Warm greetings from rainy Accra. As always, deep thanks to all of you who contributed your time, talents and resources to help move our project work forward in the first half of 2008.
Spending time in the African village with the water project, we gradually start to think like the villagers. We feel closer to the earth, and experience our dependence on nature in a very real sense. Like farmers, we are always studying the clouds. We are always asking God, why He can’t get it right with the rains. We join the farmers, as they complain about too much or too little rain, then we stop, catch ourselves and laugh as we let the mystery be, He knows best, He is doing everything very well.
This year the rains have been steady since early May. The dam is filling up. Our main challenge is to maintain the filtration system as the dam water quality falls with the constant run off into the dam. We are looking ahead to make the improvements with the help of Engineers Without Borders and Rotary International. With the help of AMURT Italy one new community has already got new water, and three more are still digging trenches for their connections. The water project made strides towards a genuinely sustainable project by tightening the management of the finances and cutting water losses.
The volunteers share the love of dancing with the villagers, Torun & Ingrid at Adiekpe Seva Clinic staff demonstrating at the TBA training session Village midwives in training in Deou.
The Seva Clinic has been in transition as long time staff moved on and their places taken by new faces, all from the local communities. The role of homeopathy at the clinic and in the out reach work continues to expand. A new kitchen and storage building has been constructed.
The Kekeli women movement is growing, both in numbers and scope. It has been wonderful to see the full participation in every meeting and the creativity and confidence of the women grow as they become more established in their roles as health educators.
Since 2005 we have been working with Traditional Birth Attendants in the area. This summer, with the help of Lisa, an experienced mid-wife from West Virginia in the US, we are again turning our focus to maternal health, and the response has been great.

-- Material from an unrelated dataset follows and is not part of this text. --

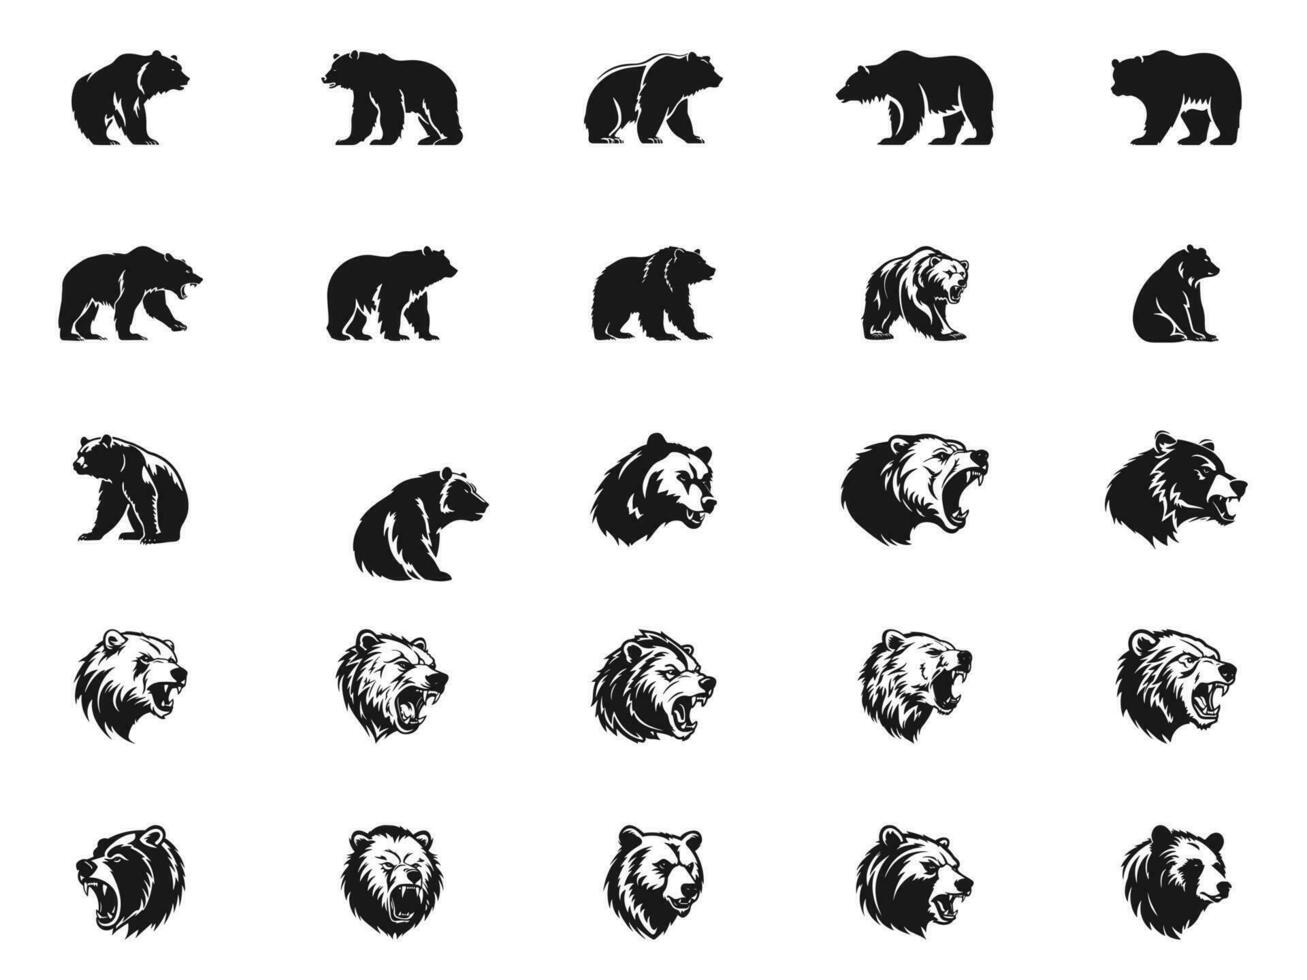 grafisch einstellen von Bären auf Schwarz, Grizzly Bär und Panda Vektor Elemente. Bären zum Drucken, entwerfen, tätowieren und Logo

The Safe Motherhood program in Deou, Burkina Faso is in transition. We are very happy to welcome Dada Purusottama in June who has taken over responsibility for AMURT Burkina Faso. After three years of funding from the Norwegian Agency for Development, we are now studying which direction to take. Still we were able to initiate the program of supplying donkey carts for transport of pregnant women, construct a maternity room and health post in Gorolbay, and conduct training sessions for all the village midwives and village health agents.
The project areas in Ghana and Burkina Faso continue to provide fantastic opportunities for AMURT to shine. By charting a progressive course for the work, it’s our hope that our presence in these areas will be a catalyst for genuine change and development. Our long presence in the project areas has taught us much. The people welcome us and accept us, and have understood that AMURT’s only goal is the upliftment of the communities. It’s our realization that, just as we need to be vigilant as individuals to ward against selfish intentions, as an organization we need to maintain the same purity of purpose. That’s the key.